**Source data**
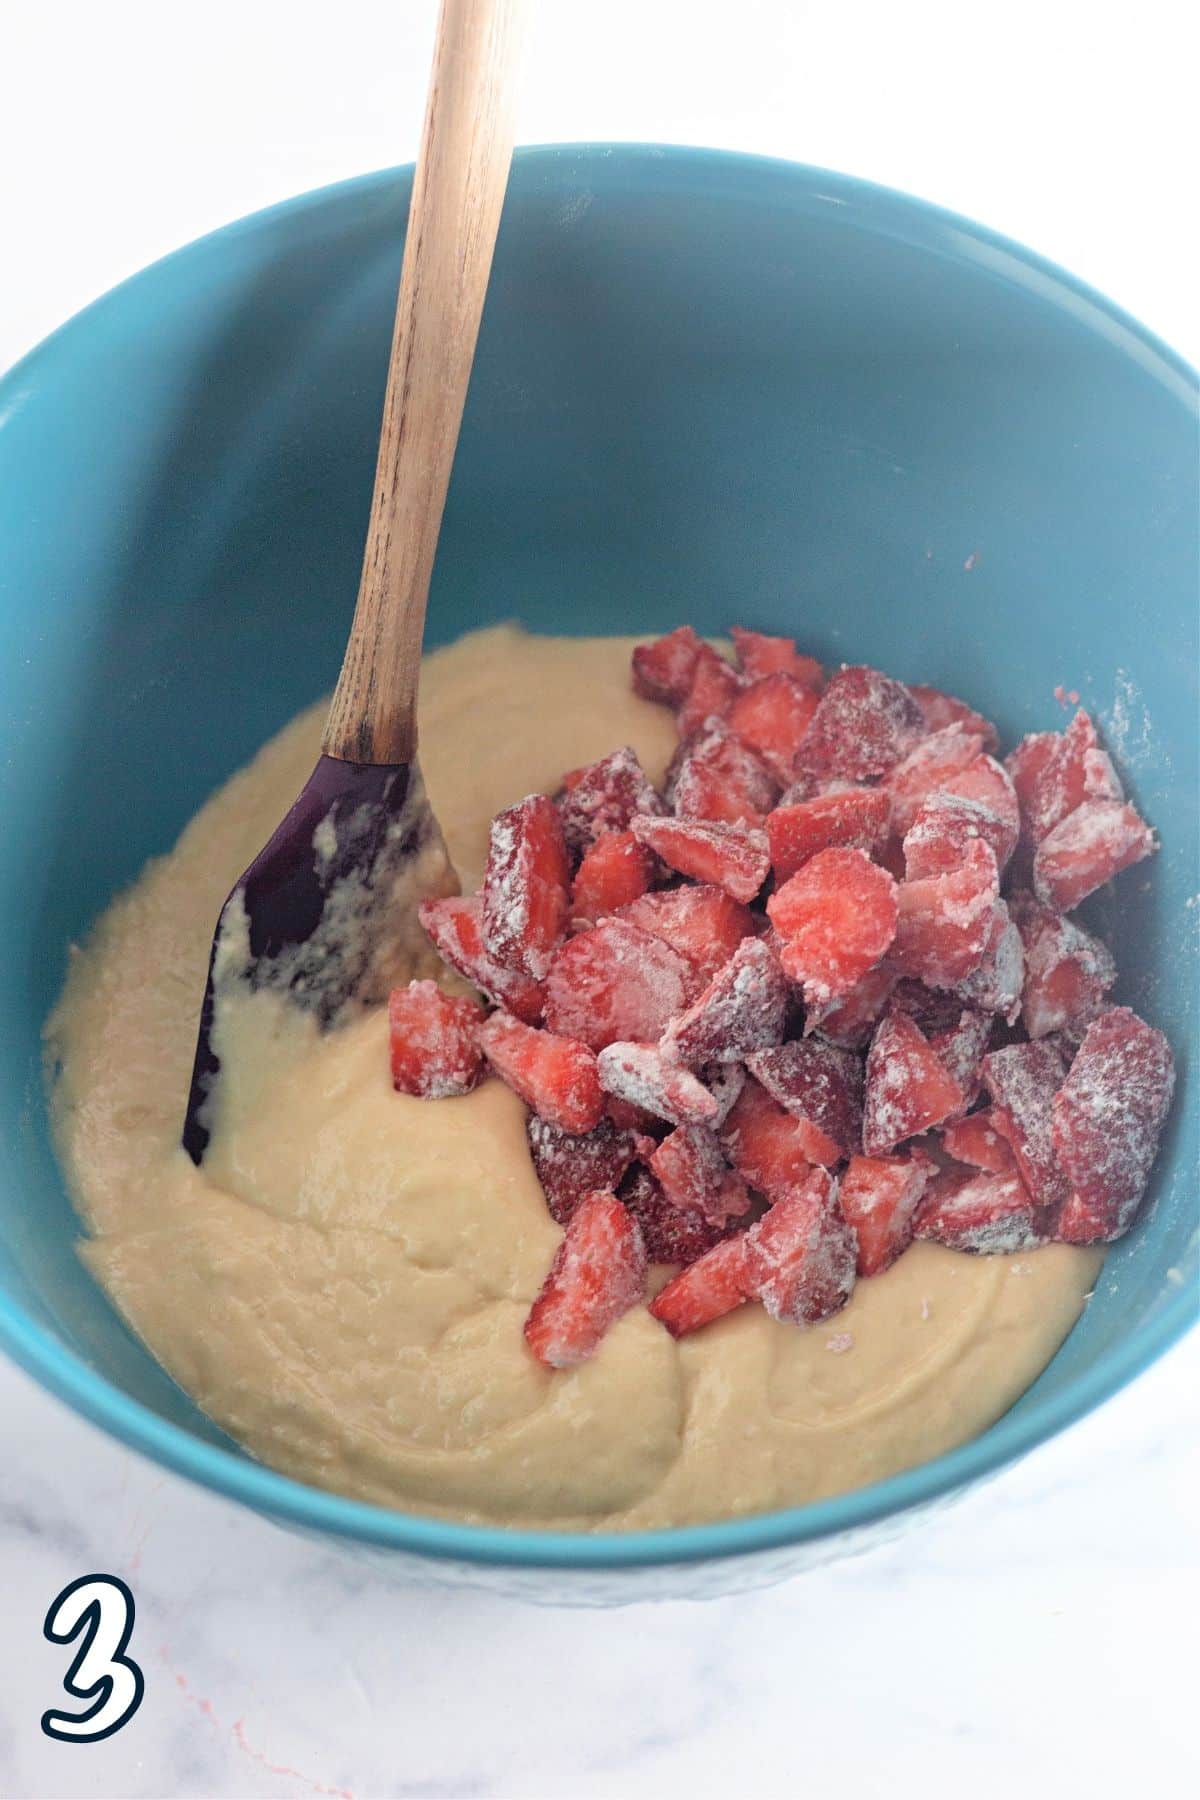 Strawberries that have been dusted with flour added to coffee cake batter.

* * *

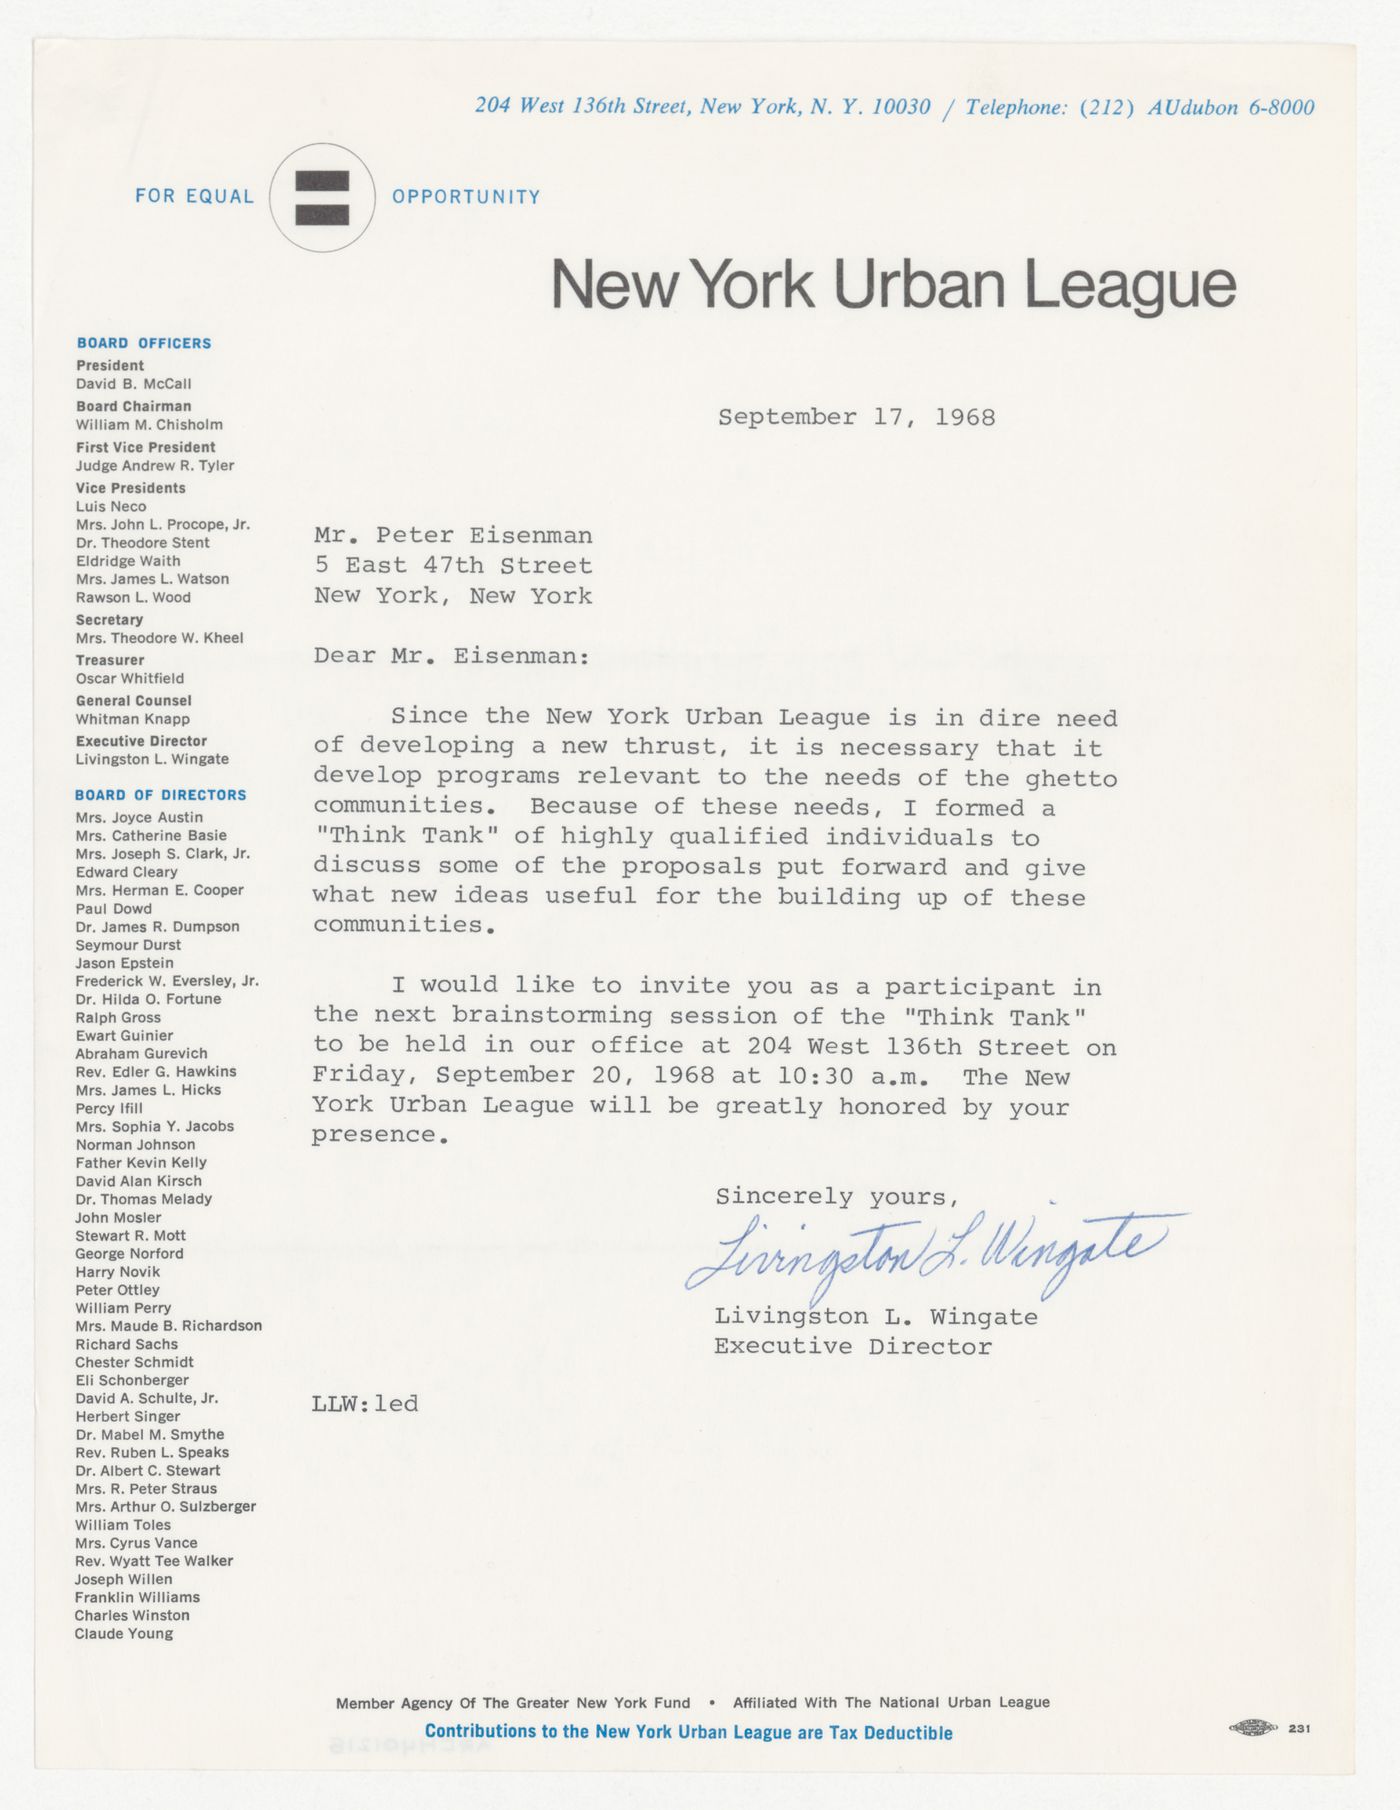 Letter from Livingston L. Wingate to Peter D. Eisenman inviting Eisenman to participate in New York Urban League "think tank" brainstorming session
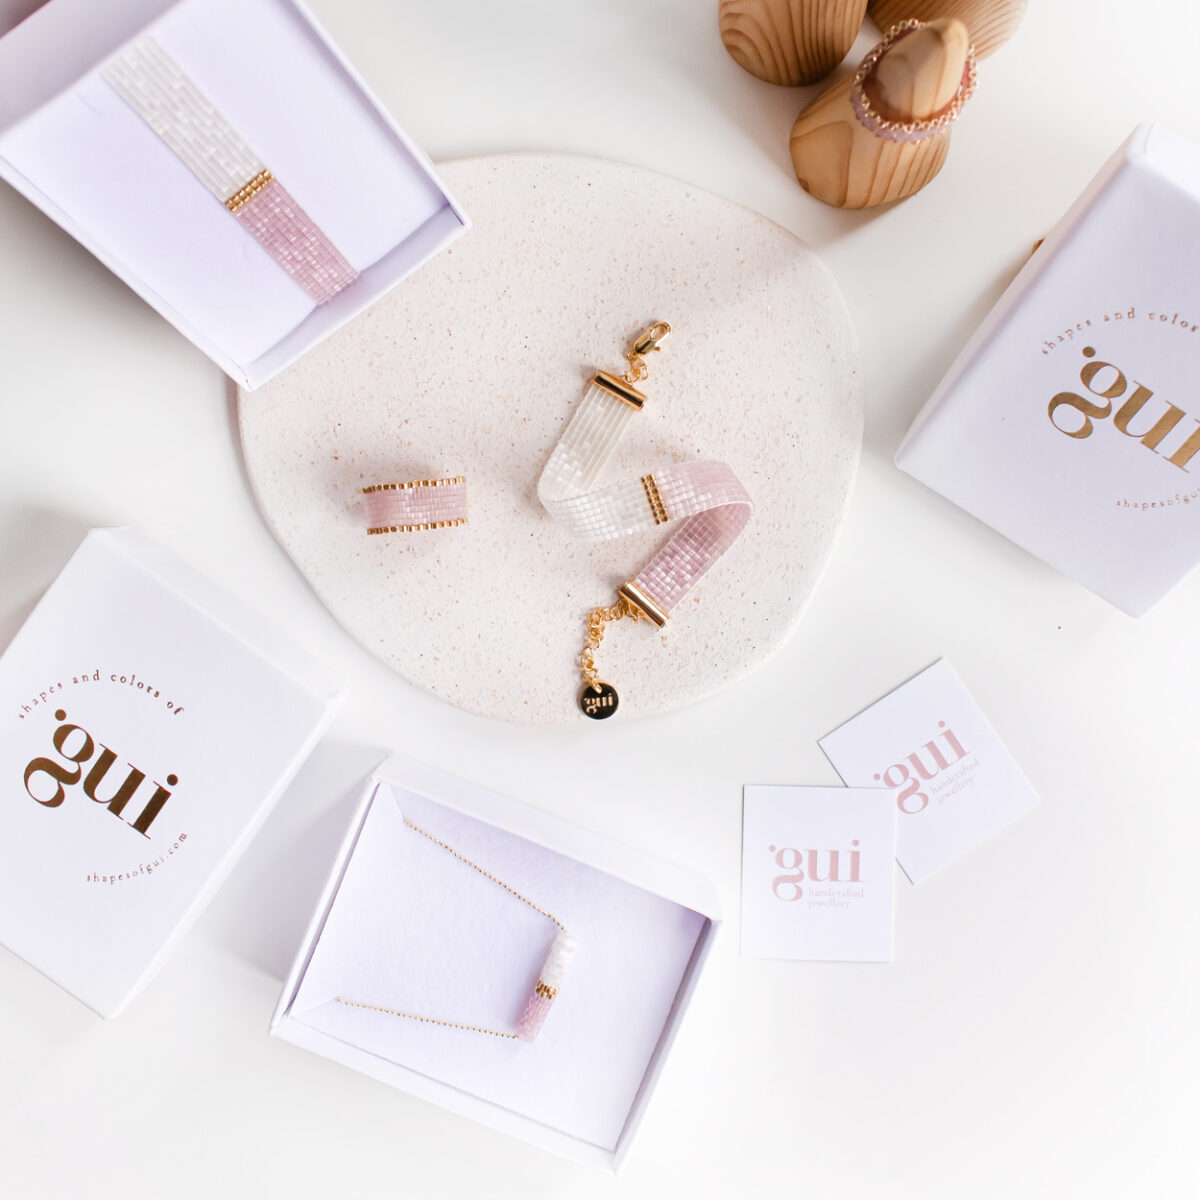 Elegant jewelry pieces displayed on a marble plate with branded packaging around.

...

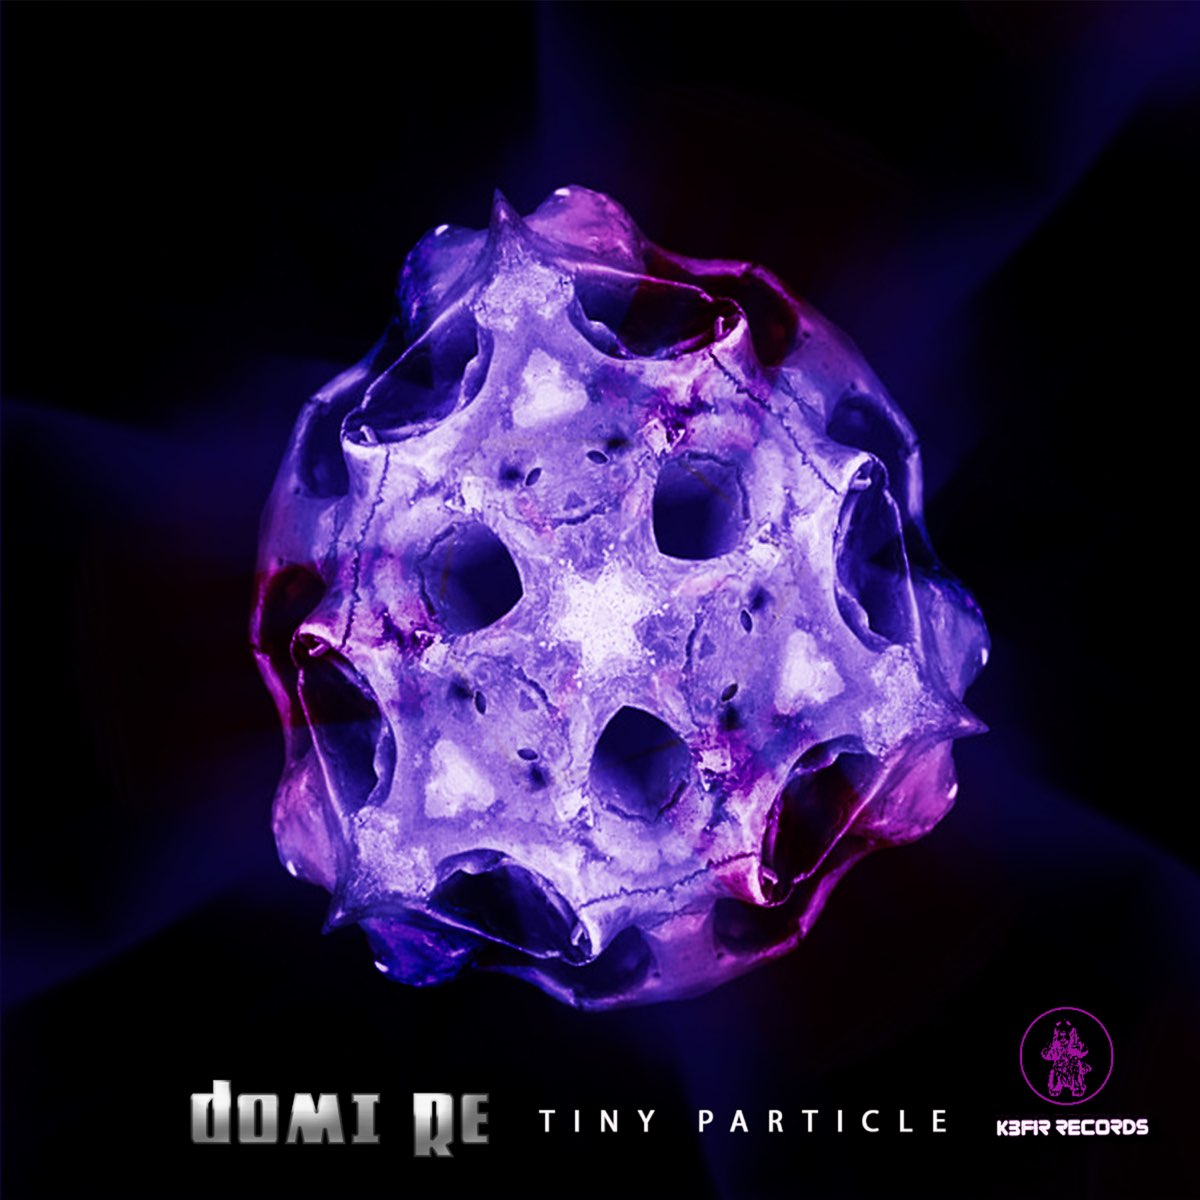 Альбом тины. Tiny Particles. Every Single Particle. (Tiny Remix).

**Exercise**
Starting with the line that has "Letter from Livingston" and going on through the line that has "Elegant jewelry pieces", transcribe the records above exactly, but skip the pictures.

**Response to this task**
 Letter from Livingston L. Wingate to Peter D. Eisenman inviting Eisenman to participate in New York Urban League "think tank" brainstorming session
 Elegant jewelry pieces displayed on a marble plate with branded packaging around.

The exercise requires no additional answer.